When you exercise in a group, there’s plenty of motivation all around you. Whenever you feel like quitting, friends would always egg you on. This is particularly applicable for intense workouts like military drill type exercises, which are extremely exhausting yet ensure rapid weight loss. There is also a sense of healthy competition between members when you are exercising as part of a group. The entire ambience actually urges you to push for more even if your body wants to leave. Naturally, this means you workout more and shed the flab fast.

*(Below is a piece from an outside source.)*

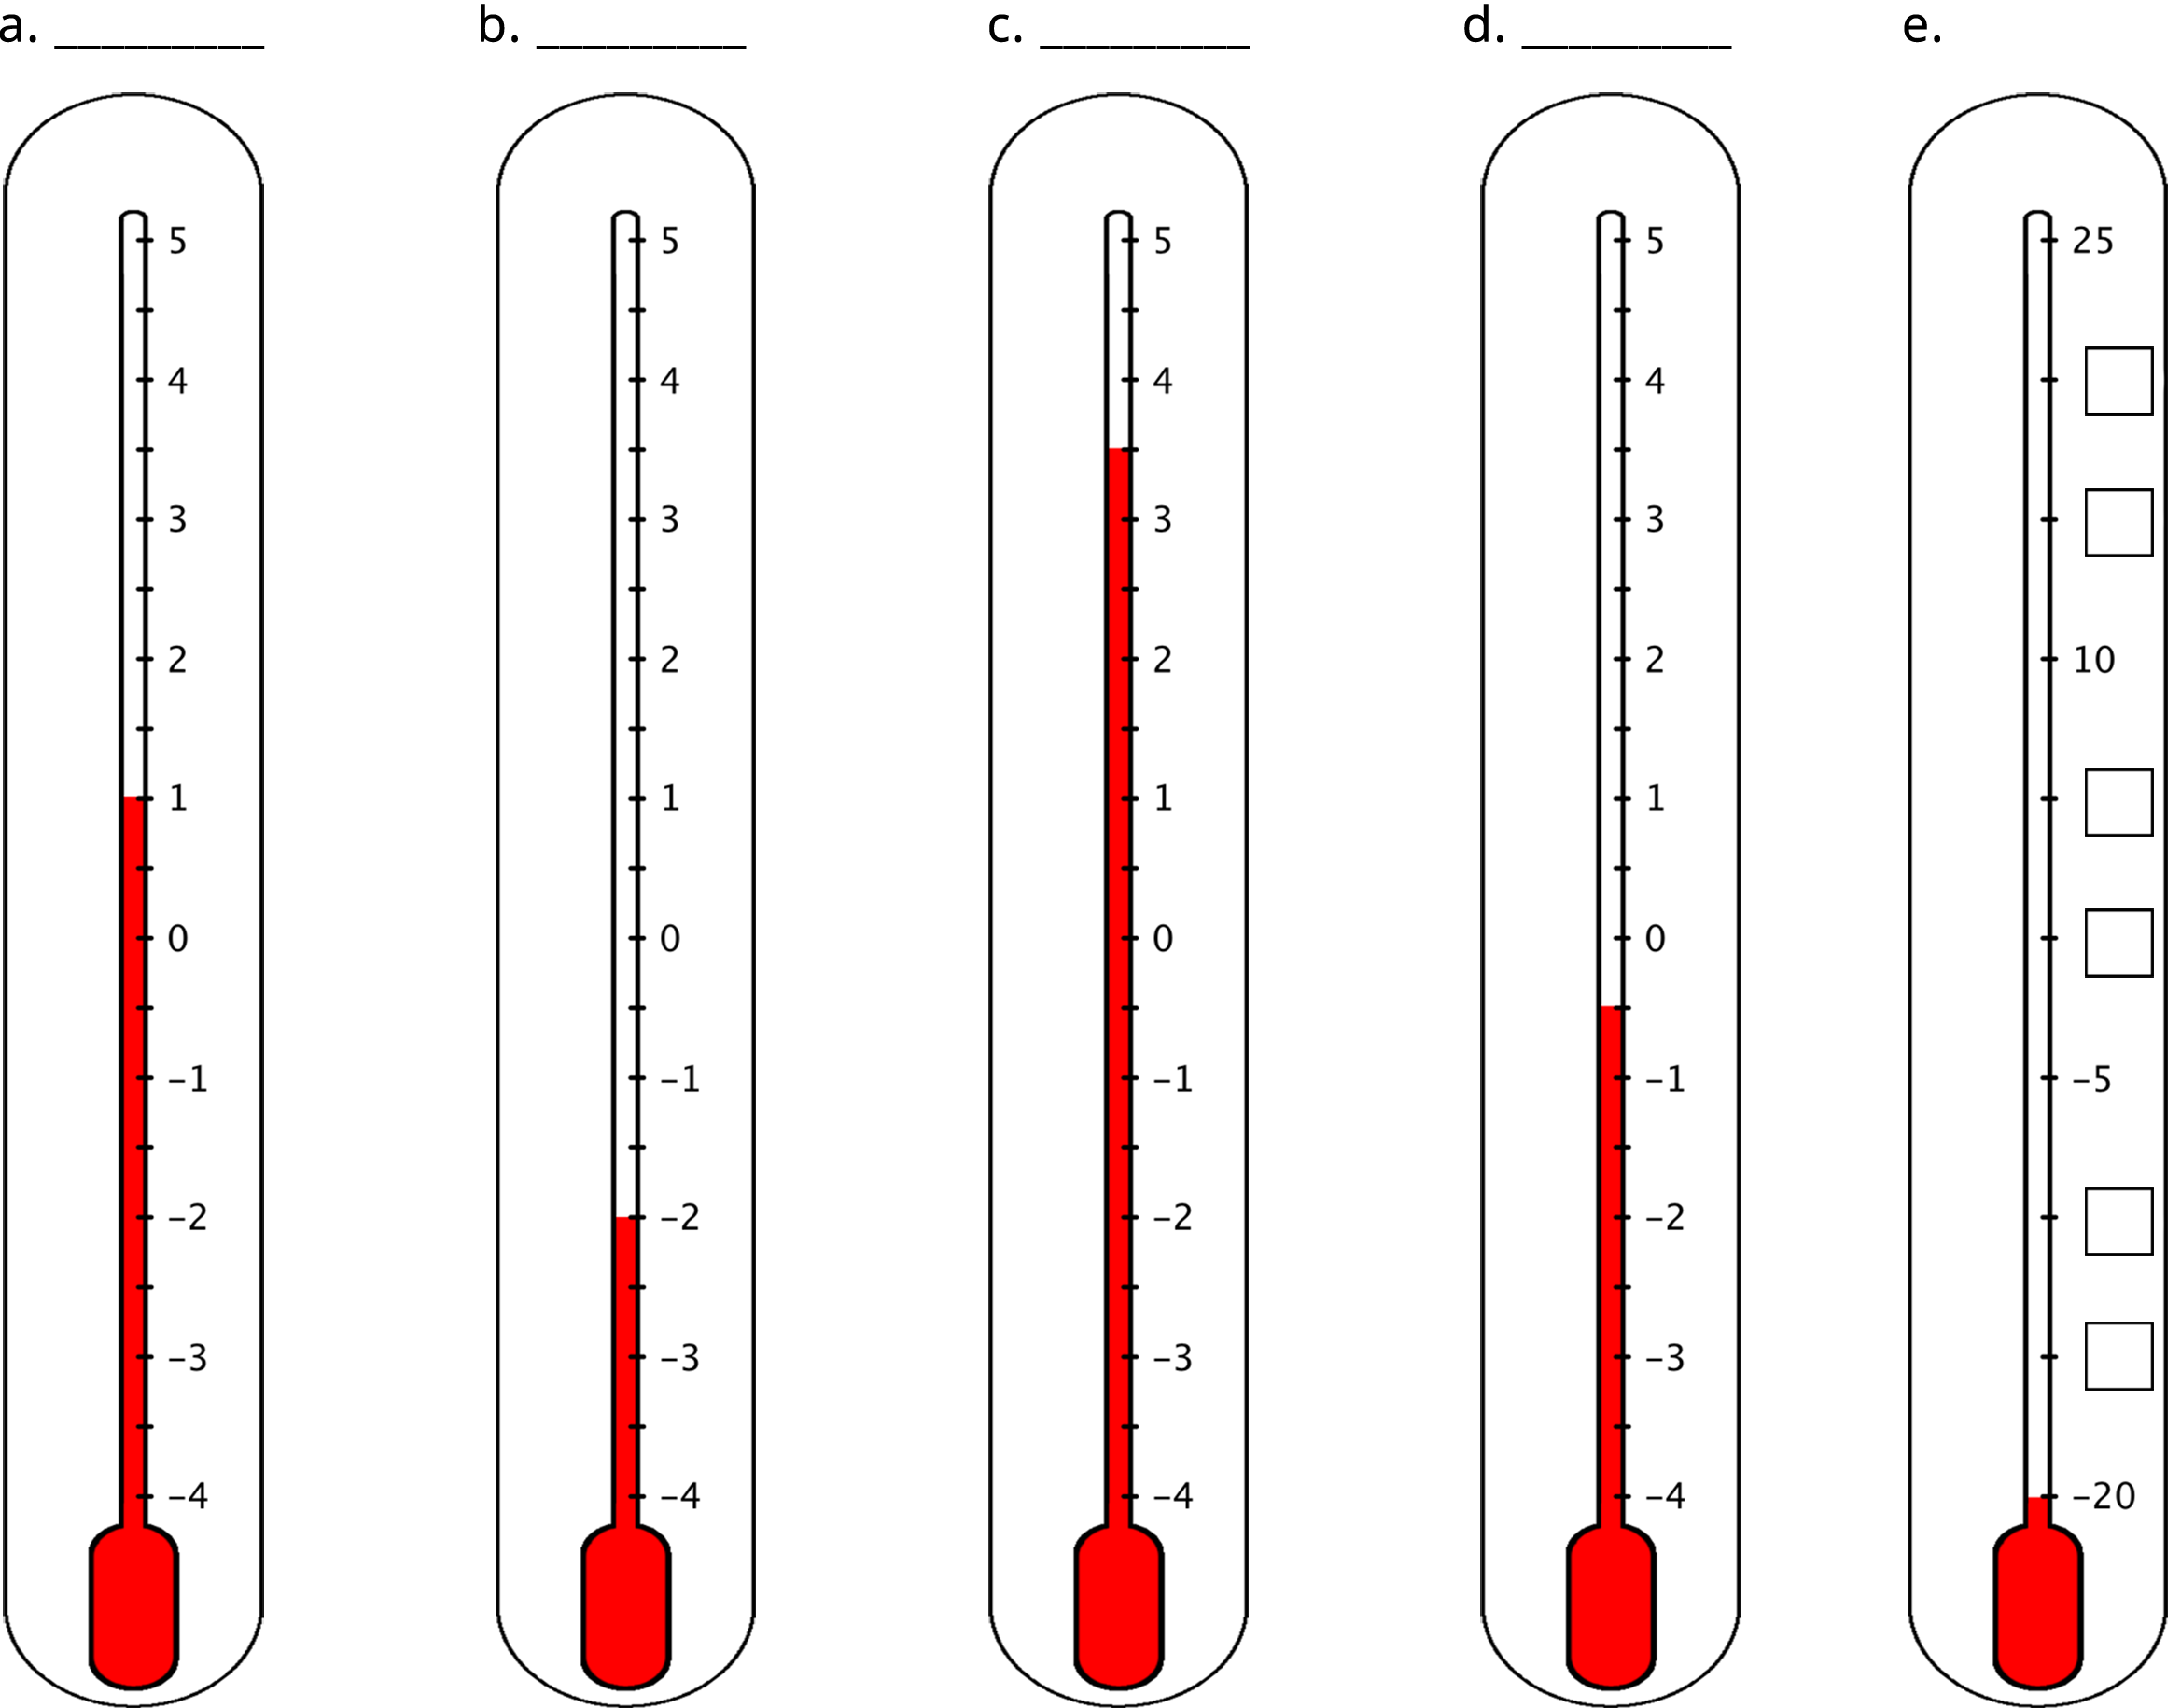 Five vertical thermometers are labeled a, b, c, d, and e.  Thermometer a has the numbers negative 4 to 5 indicated. The number 4 is on the bottom and 5 is on the top. The thermometer is shaded from the bottom of the thermometer to 1. Thermometer b has the numbers negative 4 to 5 indictaed. The number 4 is on the bottom and 5 is on the top. The thermometer is shaded from the bottom of the thermometer to negative 2.  Thermometer c has the numbers negative 4 to 5 indicated. The number 4 is on the bottom and 5 is on the top. The thermometer is shaded from the bottom of the thermometer to halfway between 3 and 4.  Thermometer d has the numbers negative 4 to 5 indicated. The number 4 is on the bottom and 5 is on the top. The thermometer is shaded from the bottom of the thermometer to halfway between negative 1 and zero.  Thermometer e has the numbers negative 20, negative 5, 10, and 25 indicated. There are 2 evenly spaced tick marks with missing labels between negative 20 and negative 5, between negative 5 and 10, and between 10 and 25. The thermometer is shaded from the bottom of the thermometer to negative 20.

A solo journey is always a lonely journey and your fitness pursuits are no exception. Group exercises foster a sense of camaraderie. Even when you are sick and cannot attend a few sessions, your friends would keep in touch; making you feel wanted and cherished. Additionally, the common goal which drives the entire group inspires you to give that extra mile in order to achieve team success.

As a part of a workout group, you need to keep certain commitments regarding schedules and days. This is important to maintaining the continuity of any weight loss program and making it successful. Whenever you are working out alone, you tend to skip a day or reschedule timings to accommodate sudden appointments. However, once you know that your workout partner would be expecting you, you feel committed enough to cancel other schedules and head for your workout session instead.

Additionally, exercising all alone gives you enough excuse to cheat on yourself whenever you are tired or just don’t feel like moving those muscles. As an important member of a group, there is slim chance of your ever using lame excuses to skip a session. With plenty of success stories and advice all around you, workout sessions as part of a group, is one of your best ever opportunities of having fun while working those muscles.